It was also a day for the animals to show off their strange local, migratory patterns, a grey squirrel being the first to wander idly across my path, followed by cat, a hare and a weasel. Not all at the same time, I hasten to add, like some kind of grim prey-predator processional, but interspersed throughout the ride. All were welcome sights, but the same can’t be said for the stupid, suicidal pheasants, who’d obviously got bored waiting for cars on some of the quieter lanes in Northumberland and so seemed intent on committing seppuku by bicycle instead. That’ll get your adrenaline flowing every time.

Maybe I’m getting a bit faster, as yet again I was the earliest arrival at the meeting point and, indeed in time to catch the insurrectionists of the JPF gather before embarking on a cross-river pilgrimage to Slaley. The exotic spoils on the far side of the Tyne were even enough to tempt a few of our regulars to follow too, with Jimmy Mac, the Ticker and Biden Fecht hitching their wagons to the southbound train.

They disappeared up the road in one large, swarming group, but without Plumose Pappus and the Cow Ranger, who arrived moments later having just missed the caboose. We encouraged them to give chase, thinking it would be an easy task for them to catch up (I wouldn’t even have tired), They umhed and they aahed briefly, before deciding to give it a go and then the chase was on.

Our numbers were growing and starting to spread across the pavement when Crazy Legs glanced up, saw an inbound OGL and (purely coincidentally, I hasten to add) determined we had enough people to get a first group out and away. We bumped down the kerb and were off, our group of six morphing into seven when Buster joined, declaring he had to be home early, wasn’t doing the full ride and therefore he didn’t really count against our numbers. Okay, 6½ then. I pushed onto the front with Crazy Legs and we led out the rest, Buster, Aether, the Big Yin, James III and a recurring FNG.

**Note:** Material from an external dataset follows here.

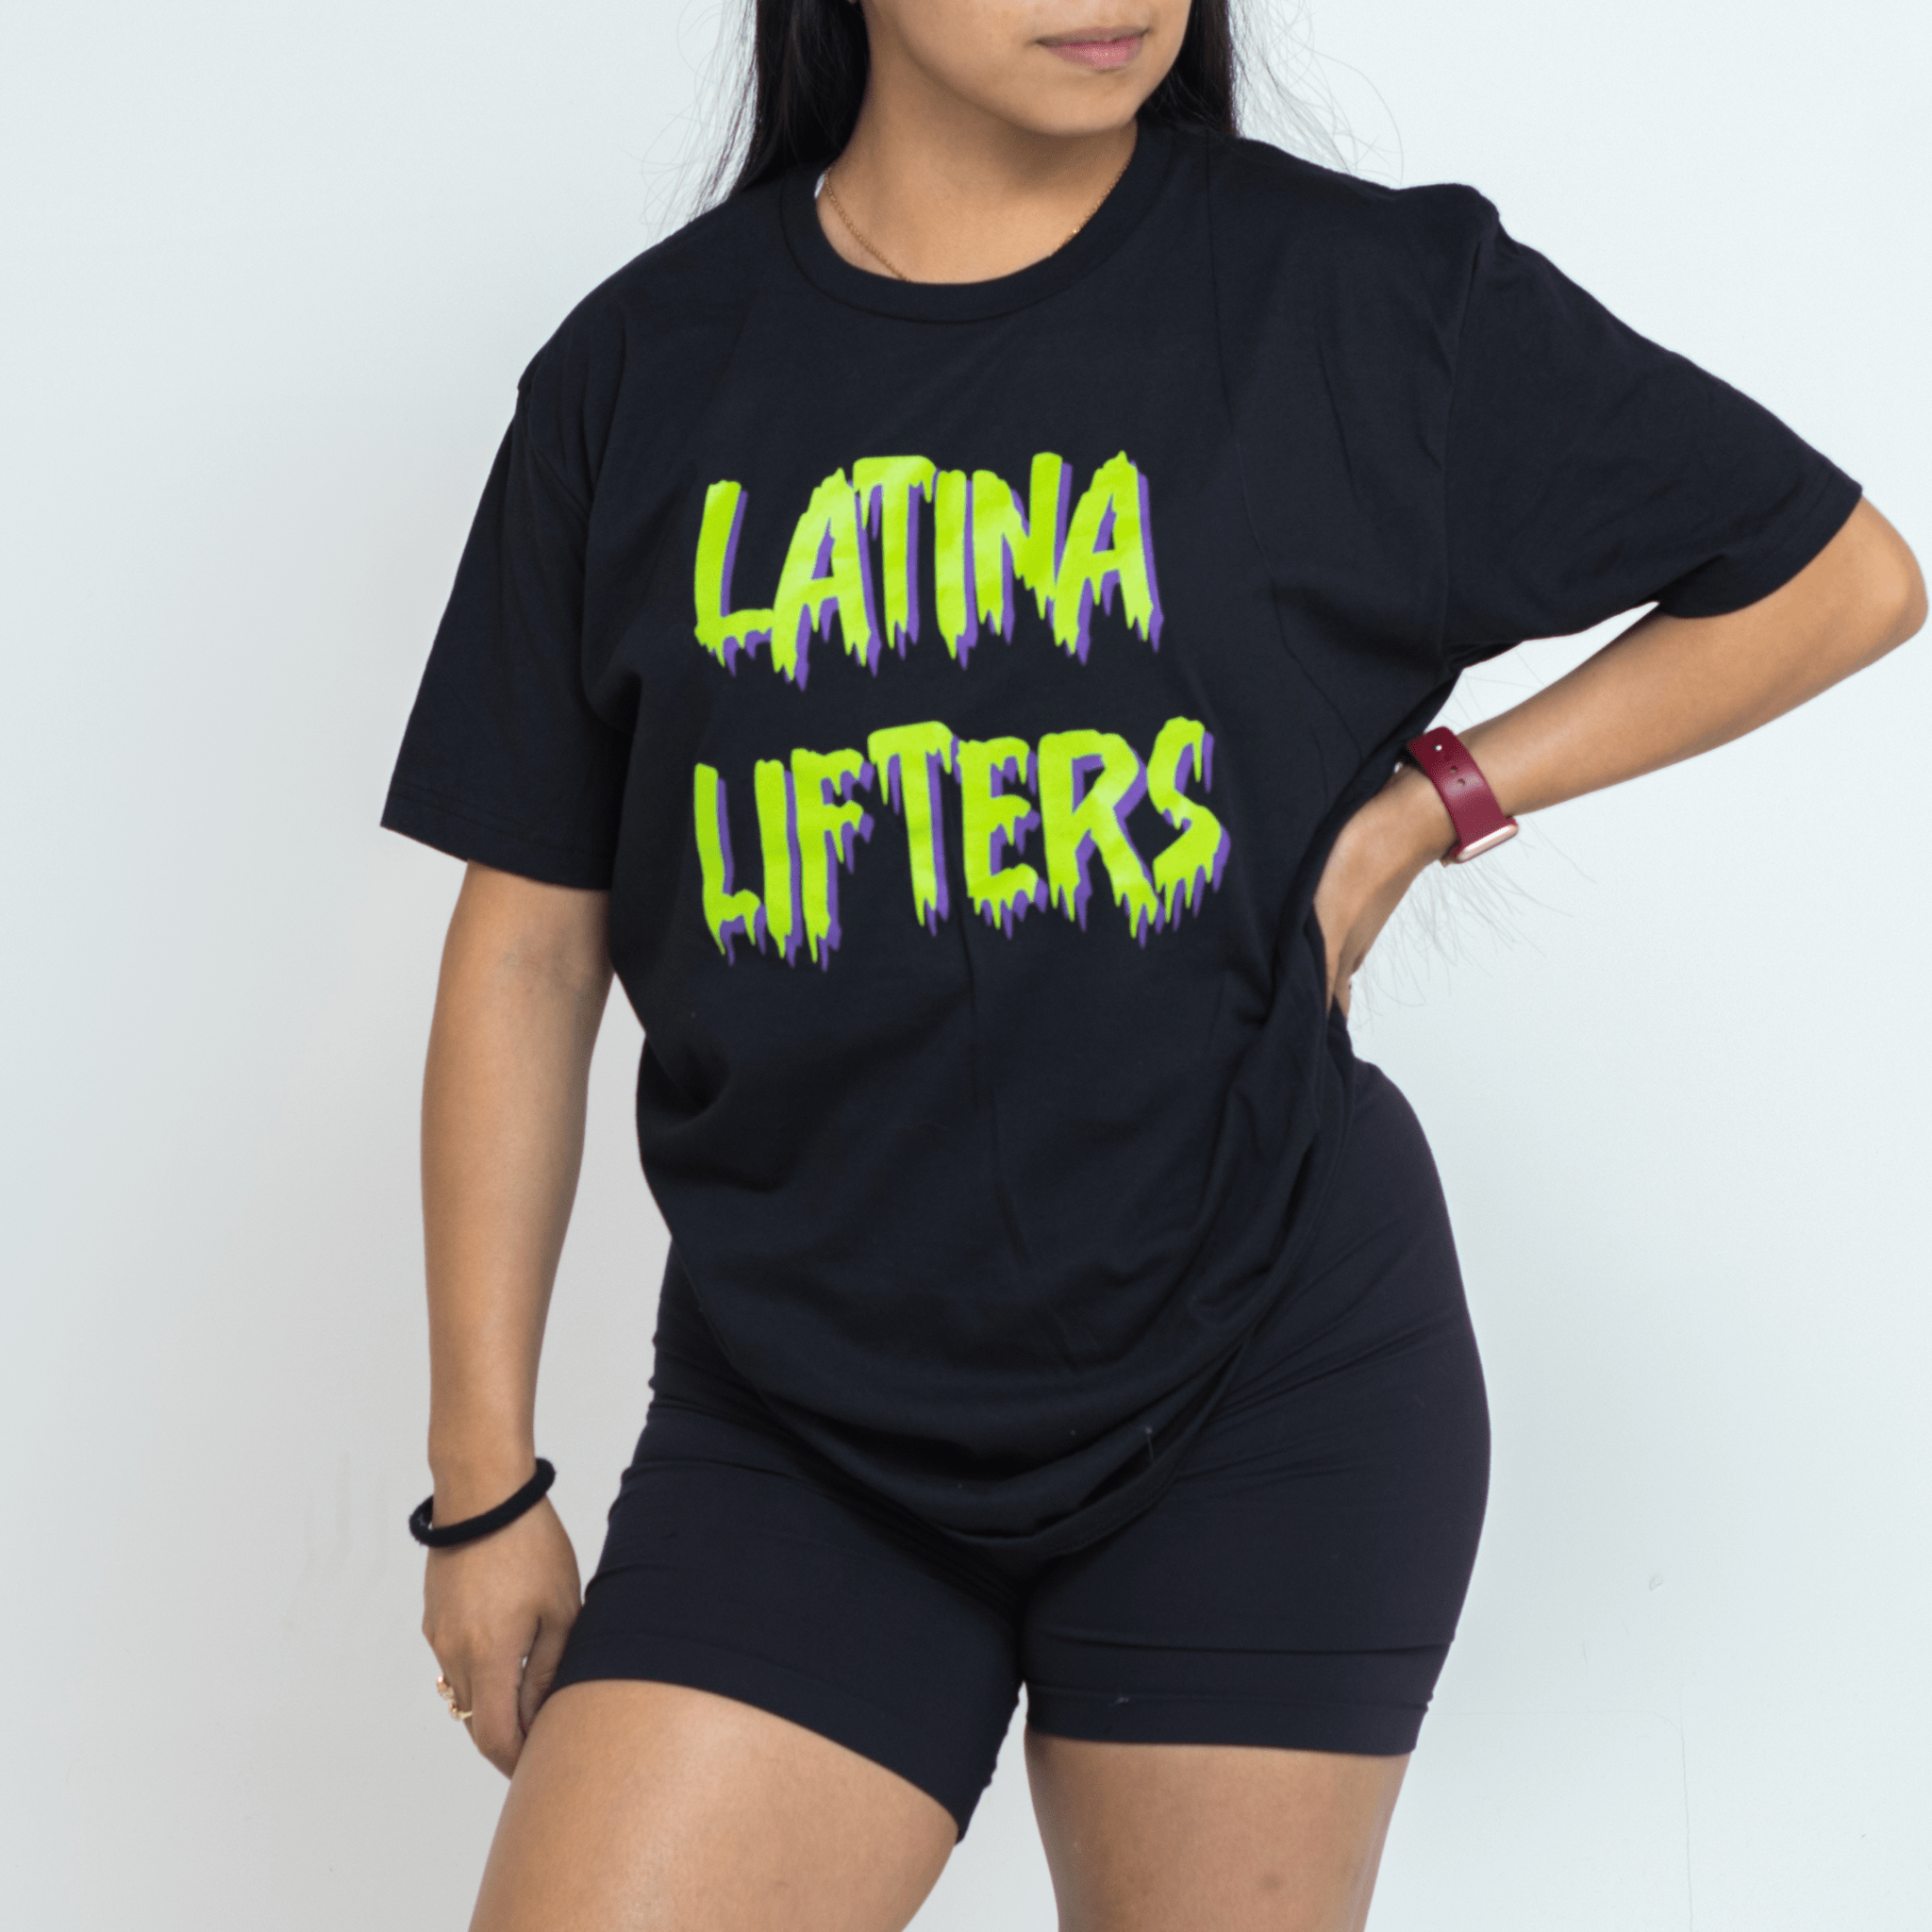 Spooky Lifter - Latina Lifters
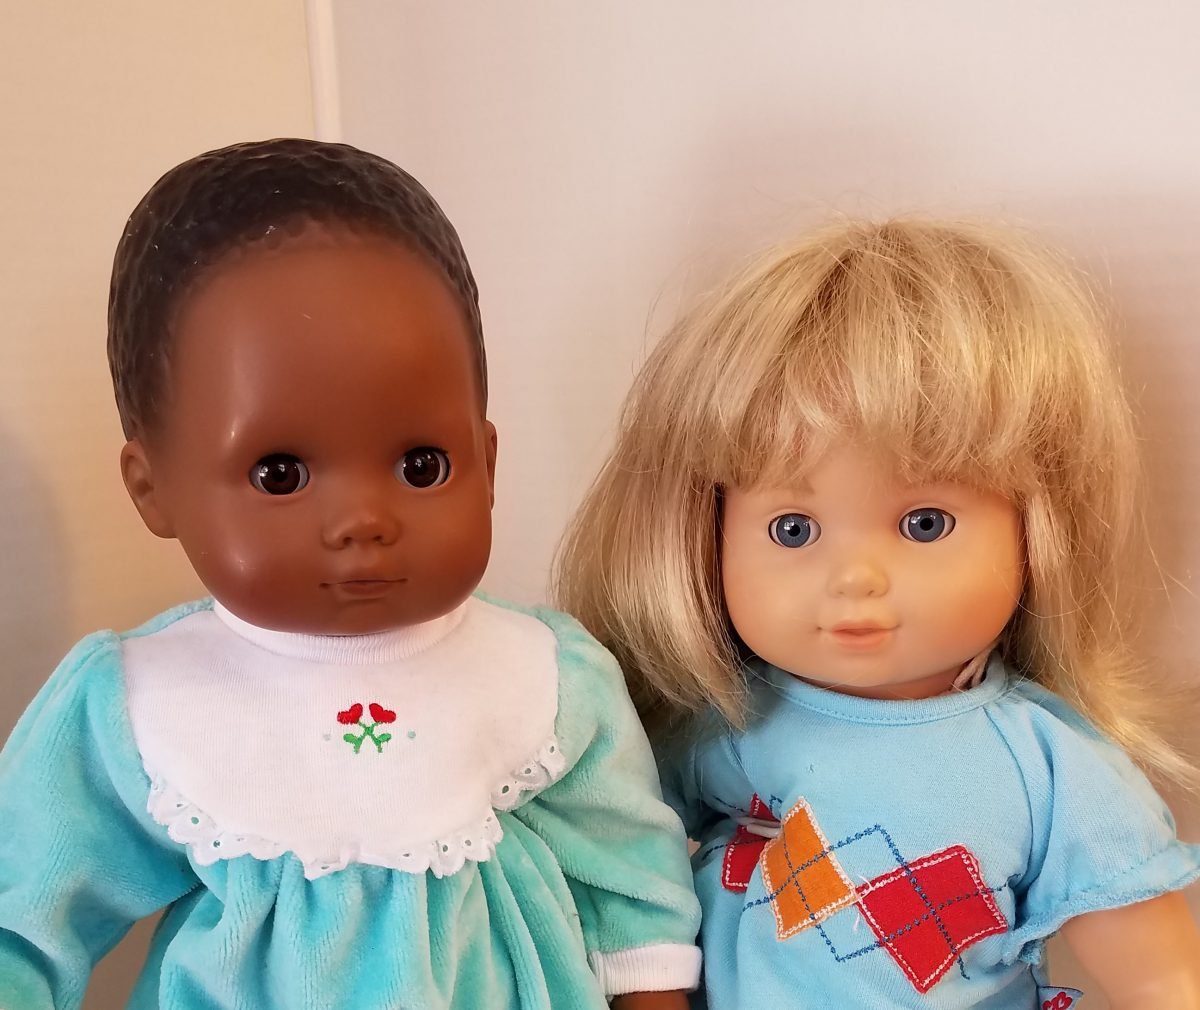 american girl doll bitty baby twins

The first thing we passed of note was Plumose Pappus and the Cow Ranger, pulled to the side of the rode and working furiously to repair a puncture that had seriously derailed their spirited pursuit within only a couple of hundred metres of its start. Even they were going to struggle to catch up with that southbound train now.

I learned that Crazy Legs had abandoned his holiday plans last week because one of the family came down with a bad case of kennel cough, and so he’d been out suffering in the rain with everyone else last Saturday. He concluded it was one of the worst experiences he’d had on a bike. (Still, I’m sure G-Dawg would agree, probably better than not going out at all, though.) Crazy Legs was also at pains to absolve himself of any wrongdoing with regard to the unfortunate Bumping Uglies incident with Aether a few weeks ago, swearing blind it wasn’t his brain fart that caused their moment of unexpected intimacy.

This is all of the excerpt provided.